In a discussion with GFPS (comp bios + app scis), the consensus was that the data should be subset when selecting an embedding that has np.nan values. This would reflect the analysis process that created the embedding. This implementation would remove some flexibility but is also clear and straightforward from the user perspective. What do you think @colinmegill?

@bkmartinjr
Copy link
Contributor

@mattcai - if I understand correctly, you are asking that the user selection of an embedding implicitly perform a subset UI operation if the embedding contains non-finite numbers?

I don't have any comments on UI impact (ie, hidden state, good or bad), but this will make the implementation significantly more complex. That said, it is doable.

@colinmegill - it is worth considering this in the context of the experimental reembedding feature, which also interacts (implicitly) with subsetting/unsubsetting. In this particular case we also elected to tie an embedding to a subset, as it was very confusing to show it outside of this view for the reasons you discuss above. I actually think Matt's proposal is a generalization of what we did earlier, and would improve our existing model.
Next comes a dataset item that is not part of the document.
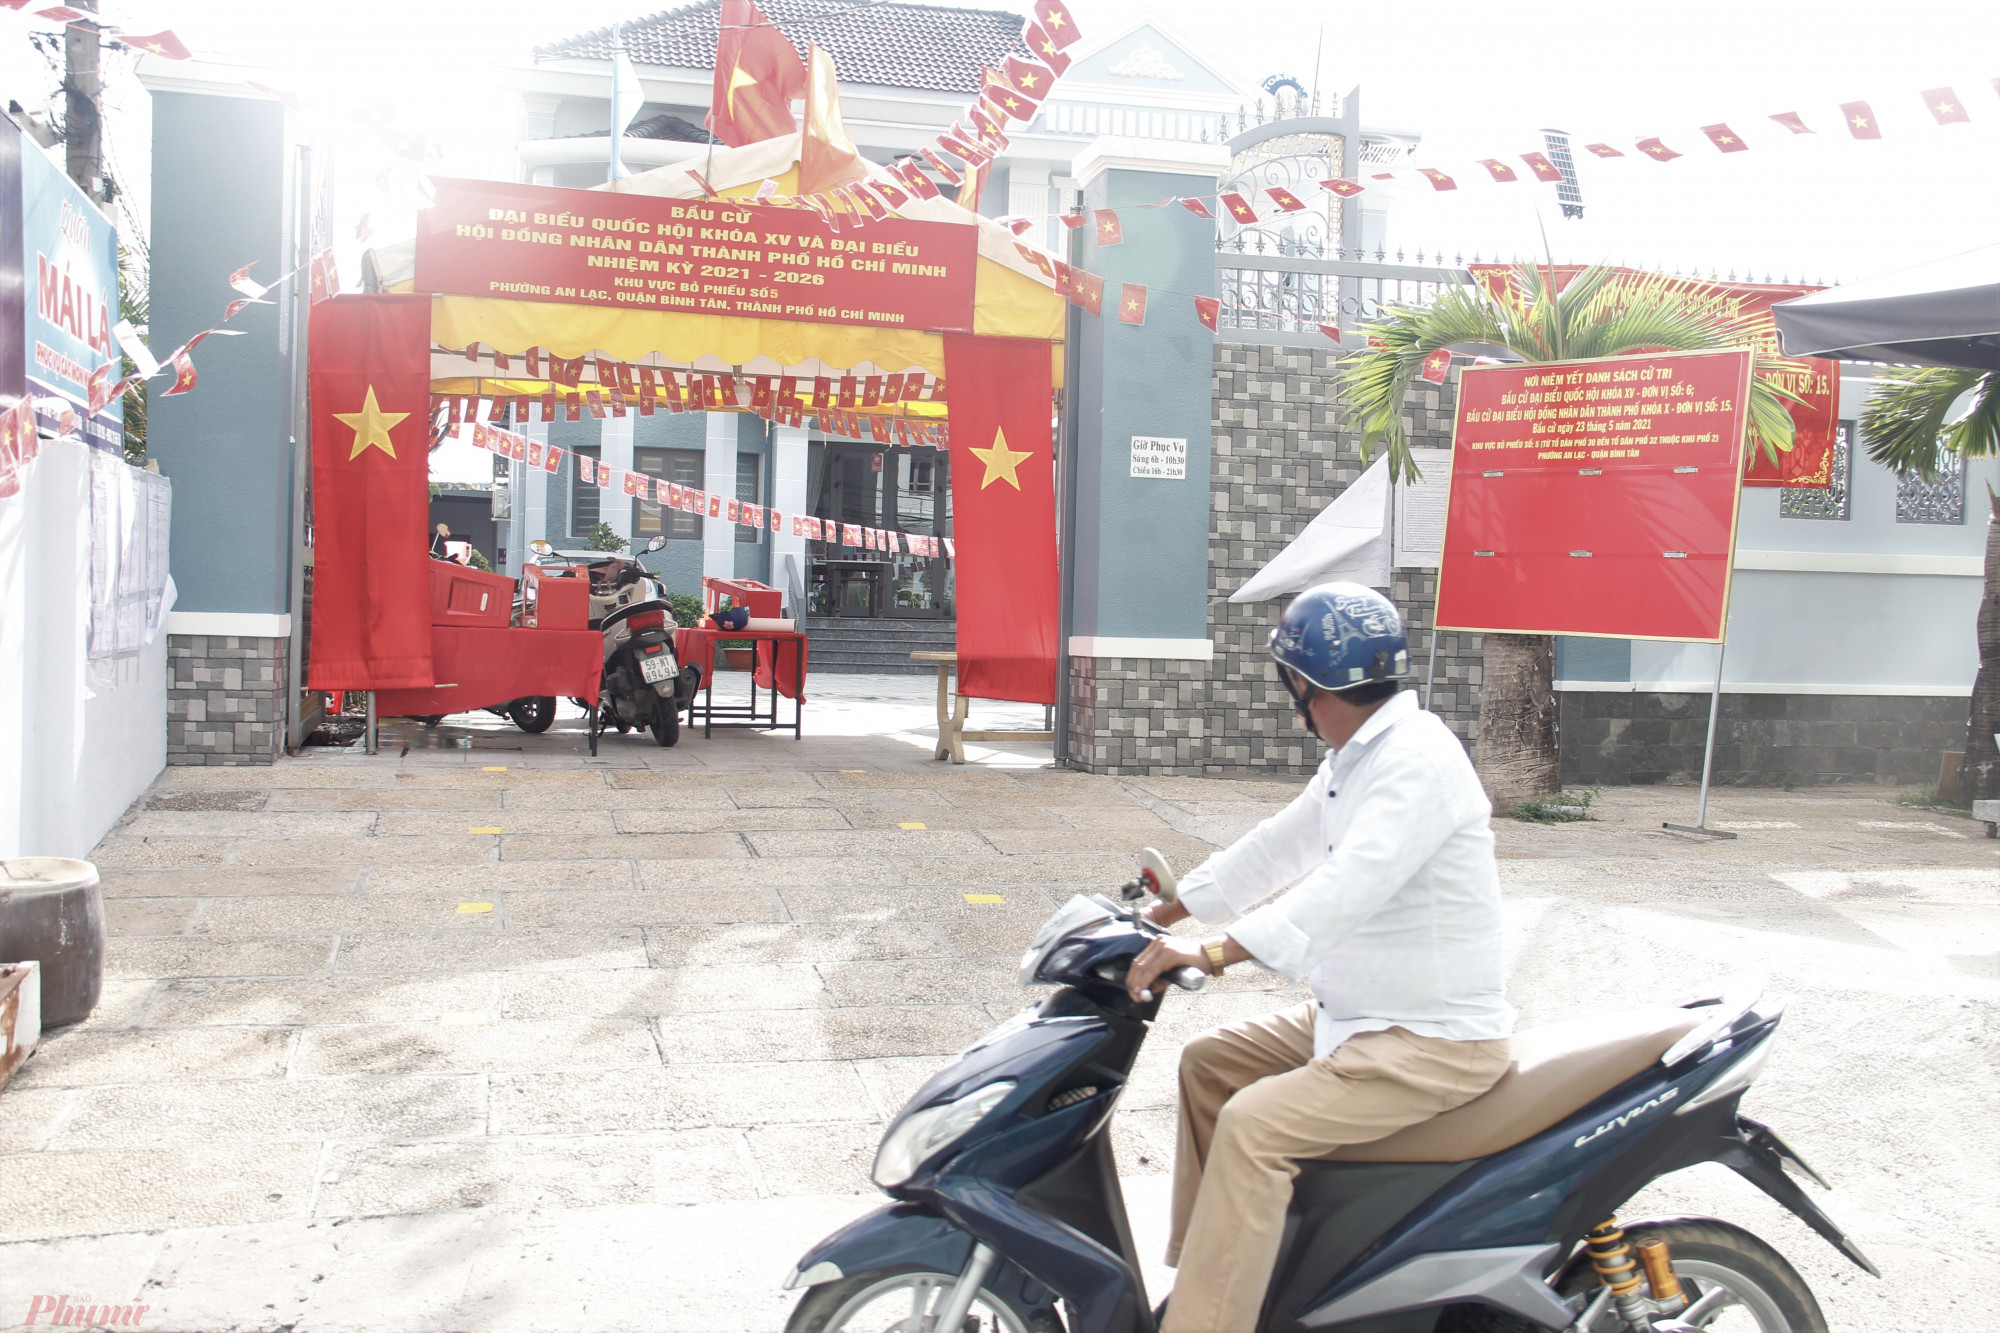 Năm nay, nhà của ông Nguyễn Văn Chiếu ở địa chỉ số 110 đường Lê Tấn Bê, phường An Lạc sẽ là địa điểm bỏ phiếu của hơn 1.400 cử tri.

@mattcai 's proposal leads to a number of questions about the interaction between manual subsetting (select & subset) vs the subsetting implicit in switching embeddings:

  • if the user switches to multiple "subset embeddings", subsetting each time, and then back to a whole-dataset embedding, are the subsets reverted, or do they accumulate, or? (I would assume they simply revert)
  • how does this interact with the subset UI feature, where the user controls the subset?
    1. if the user already has a manual subset, which does not intersect an embedding, is the embedding viewable or disabled?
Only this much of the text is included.